Димка взял фонарь, принес ремни. Стал перебирать, какой пошире да крепче. И глянулся ему один. Не лахтачий [13] Лахтак или морской заяц – крупный, весом до 300 кг, тюлень.
, а настоящий, бычьей кожи.
Спереди, на ладонь от пряжки, кольцо вшито костяное грубой работы, к нему ремешок нерпичий [14] Нерпа – небольшой, живущий в прибрежных бухтах, тюлень.
привязан. К ремешку опять же костяной крючок и тоже грубо опилен, только сам сгиб внутри гладкий-прегладкий, будто его наждачной шкуркой-нулевкой вылизали.
– Зачем, дедушка, крючок-то?
– Тот пояс не трог. Память он с давешних лет. Другой бери.
Пареньку того и надо: стал про давешние годы спрашивать, а дед:
– Расскажу, коль сам догадашь, зачем крючок на ремне. Уж Димка по всякому гадал – не вышло. Дед и говорит:
– Эта – штоб арбалет натягивать!
– Арбалет? В наше время? Я и в руках не держал!
– А я нерпей им стрелял мальчишкой тринадцати лет. Тугой был: спроста не натянешь. Приходилось его в землю упереть, ногами на лук встать, когтем этим тетиву зацепить и так спиной-ногами тянуть, пока тетива на защелку западет. А рукам – не в силу.
– А где тот арбалет сейчас?
– Стырил ктой-сь бессовестной ще давно.
– Туристы?
– Туристы!.. Тогды и слова такого не знали… Нет, ктой-то с наших. Искпедиции всяки были, народ разной. Ины жулики – страмота!
– А давно это было?
– Што давно-то, как украли?
– Нет, как Вам пояс этот в руки попал.
– Давно, Димко. Году в тридцать четвертом ли пятом, сразу после как Кирова убили… Почин тогды был от правительства: «Даешь пушнину, морзверя, рыбу! Заселим Артику и переселим!» Везде крупно пропечатано. Оно ж после «Челюскина»-парохода народ толпами на севера кинулся. Давай по всем островам промысловы точки строить. Через каждые, почитай, тридцать-сорок верст – зимовье. Штоб, значит, если нужда застигнет, сосед рядом.
Набирали-вербовали народ и люди ходко йшли. Так и отец мой с матушкой, с братом, да мне четырнадцатой год, в Артику попали.
Лето здесь коротко. А навигацыя и вовсе. Где месяц, где меньше.
Тогды так делали: избы в Архангельске рубили, потом разбирали, – на пароход, и здесь ставили всей командой. И быстро: за неделю. Так в одно лето несколько промысловых точек открывали.
И мы так наше зимовье. Да пристройку, баню, ка-тух собачий.

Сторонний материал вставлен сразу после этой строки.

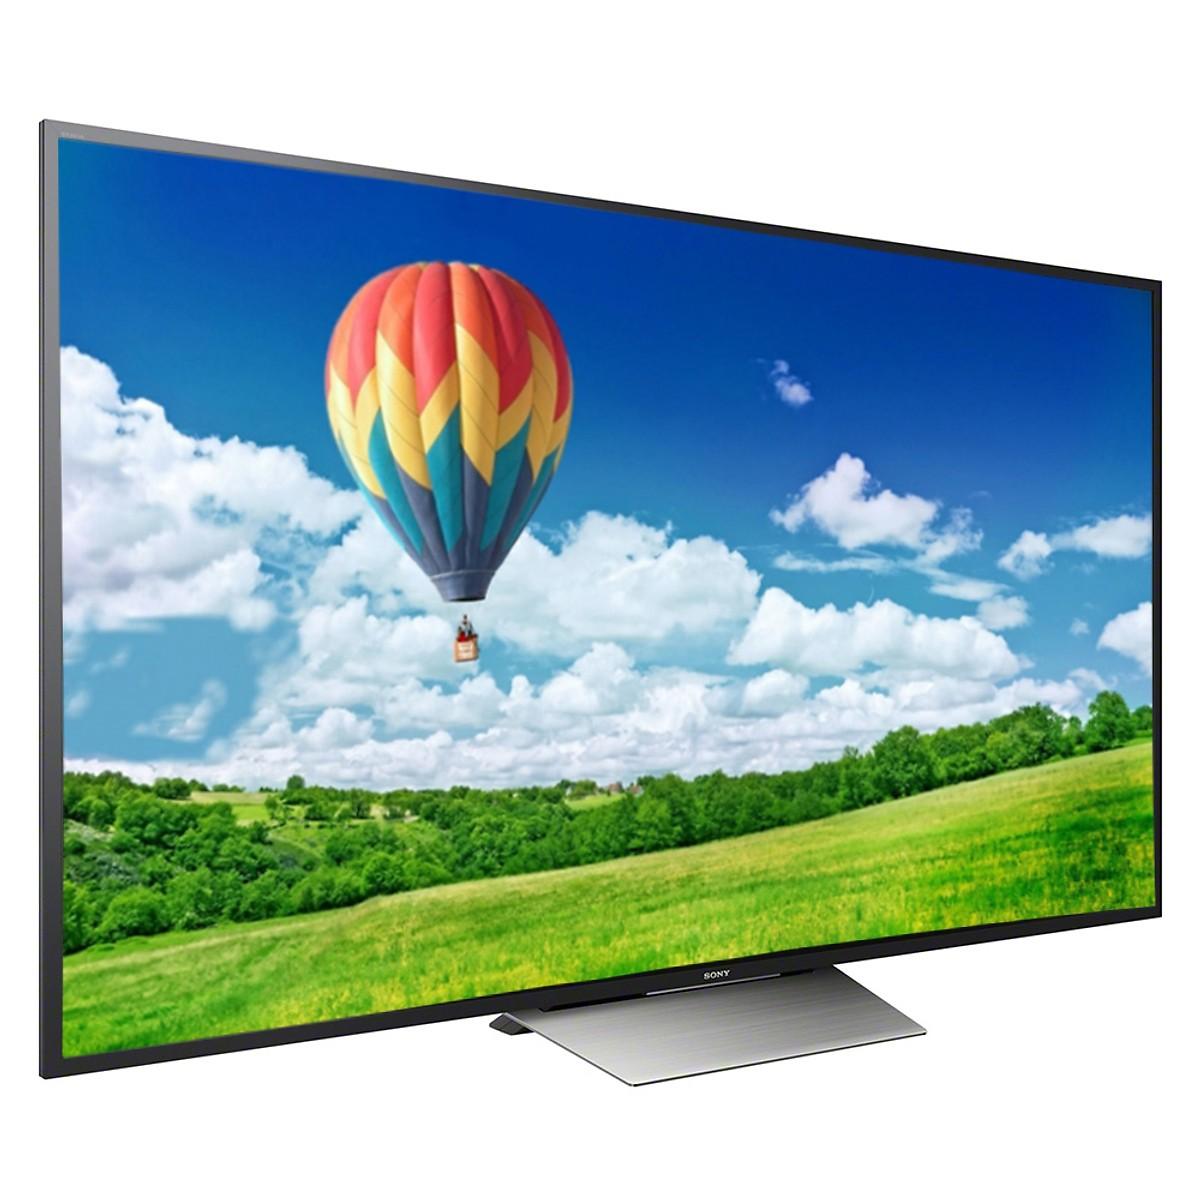 Smart Tivi 4K Sony 65 inch KD-65X8500D - Hàng Chính Hãng - 18638979 , 3298495728265 , 62_23018610 , 61900000 , Smart-Tivi-4K-Sony-65-inch-KD-65X8500D-Hang-Chinh-Hang-62_23018610 , tiki.vn , Smart Tivi 4K Sony 65 inch KD-65X8500D - Hàng Chính Hãng

Стали участок обиходить, да путики [15] Путик – охотничья тропа, вдоль которой стоят капканы.
на песца в тундру тянуть. Били моржа, лахтака, нерпу. Ворвань [16] Ворвань – жир морских животных. Обладает сильным специфическим запахом.
в бочки закатывали. На «босого» [17] «Босой» – здесь: белый медведь.
отдельной план был. Для себя оленя били, мясо совсем другое.
«Босого» ли, нерпу как ни готовь – все ворвань, все рыбой пахнет.
Варишь шти – оно уха!
Я мальчишком-то и в рот взять не мог, уж потом привык…
II
Дед Маркел вздохнул и продолжил:
– Тебе, парнишко, сколь лет-то?
– Четырнадцать.
– Как мне тогды… Ну-к, вот те мужская стория, раз в годы взошел.
Было то в начале ноябрю. Длинна ночь [18] «Длинна» ночь – полярная ночь.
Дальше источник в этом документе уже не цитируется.